La révolution industrielle va survenir d’abord dans quelques pays, avant de s’étendre progressivement au reste du monde, et causer des bouleversements d’un tout autre ordre et d’une toute autre échelle jamais vu dans l’histoire humaine. Le couplage des innovations techniques radicales avec l’essor fulgurant du capitalisme va induire et systématiser toute une série de ruptures majeures, dont nous vivons encore pleinement les conséquences :

  • ruptures spatiales : diffusions et concentrations, expansions territoriales des infrastructures (voies ferrées, canaux, etc.) et urbanisations extensives et intensives, expropriations et accaparements, spéculations foncières et immobilières, métamorphose des paysages et territoires ;
  • ruptures dans les temporalités : accélération continue des échanges et des mobilités (capitaux, matières premières, biens manufacturés, personnes, informations…), découvertes scientifiques, innovations techniques et créations culturelles incessantes, allongement, cadencement et fragmentation du temps de travail ;
  • ruptures sociales : croissance démographique et explosions urbaines, entassement, promiscuité et anonymat dans la grande ville, exode rural massif et déclin de la paysannerie, prolétarisation générale et intensive, essor de la bourgeoisie urbaine, financière et industrielle, de la bureaucratie et du contrôle administratif des vies ;
  • ruptures écologiques : agriculture intensive avec intrants chimiques, extractivisme et productivisme, consumérisme et obsolescence, énergie carbonée, pollutions et insalubrités urbaines ;
  • ruptures politiques : dominations mondiales des pays occidentaux par le colonialisme et l’impérialisme, empires industriels et financiers, crises économiques, révolutions (1830, 1848, 1871, 1917, 1919…), bolchevisme et fascisme, guerres mondiales.

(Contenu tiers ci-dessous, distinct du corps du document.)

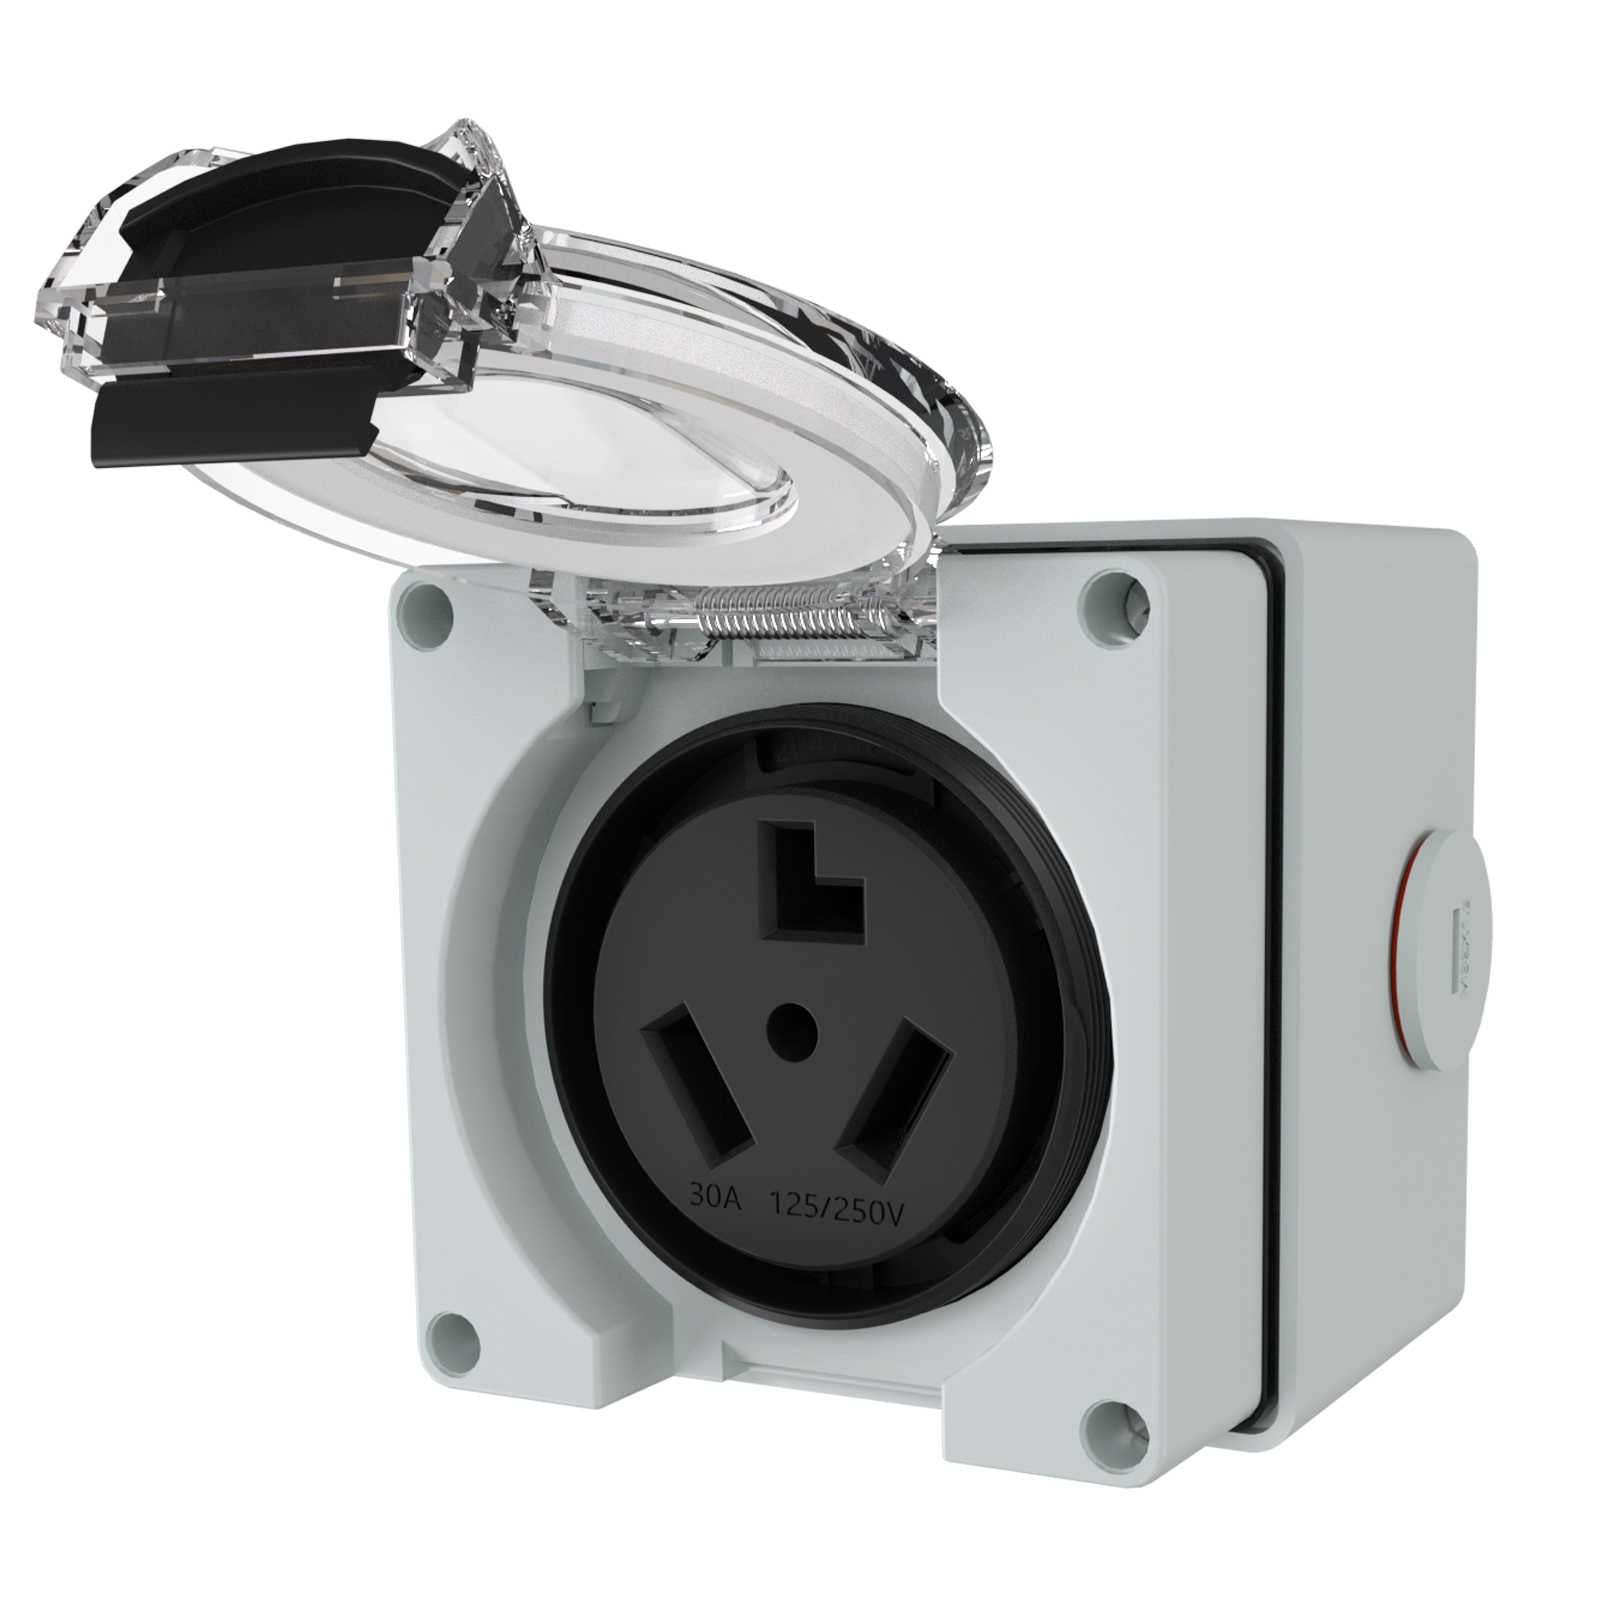 10-30R 30Amp Power Outlet Box For Electric Dryers Heavy Duty Industrial Grade Power Receptacle

L’ampleur et la vitesse de propagation de ces ruptures à l’ensemble des sociétés et territoires des pays industriels, puis à l’Europe et aux USA, la gravité des problèmes qu’elles engendrent et la complexité des problématiques qu’elles génèrent, et l’ensemble des tensions conflictuelles qui leurs sont inhérentes, vont conduire à une nouvelle rupture dans les modes de fabrique des villes avec la naissance de l’urbanisme, et des territoires avec les pratiques codifiées d’aménagement. C’est l’intervention haussmannienne qui constitue l’acte inaugural de ce qui ne se nomme pas encore urbanisme mais qui en possède quasiment tous les ingrédients : une approche systémique de la ville, un projet pluridimensionnel et multifactoriel mobilisant des expertises spécifiques, des acteurs et finances privées, et de grands travaux publics dans un cadre règlementaire et institutionnel, constituant la structure encore pérenne de Paris :

  • annexion des faubourgs et extension du territoire de Paris, et schisme spatiale par les fortifications entre un Paris magnifié et débarrassé des personnes et fonctions indésirables, et la banlieue réceptacle de tout ce qui est indésirable et néanmoins nécessaire à la vie, la puissance et l’éclat de la capitale (réseaux d’infrastructures ferroviaires, fluviales et portuaires, industries, carrières, cimetières, etc.)
  • percée de nouvelles voiries indispensables à la fluidité d’une circulation de plus en plus intense (invention des boulevards), avec l’ensemble des réseaux nécessaires (eau, gaz, électricité, assainissement), paysagement par les alignements d’arbres, squares et parcs, un ordonnancement architecturale valant une mise en scène de la ville (matériaux, modénatures, hauteurs…) avec la construction massive par des promoteurs de quartiers entiers d’immeubles de rapports, avec leur hiérarchie sociale verticale, mais aussi de banques, opéras, théâtres, salles de spectacle, grands magasins, hôpitaux.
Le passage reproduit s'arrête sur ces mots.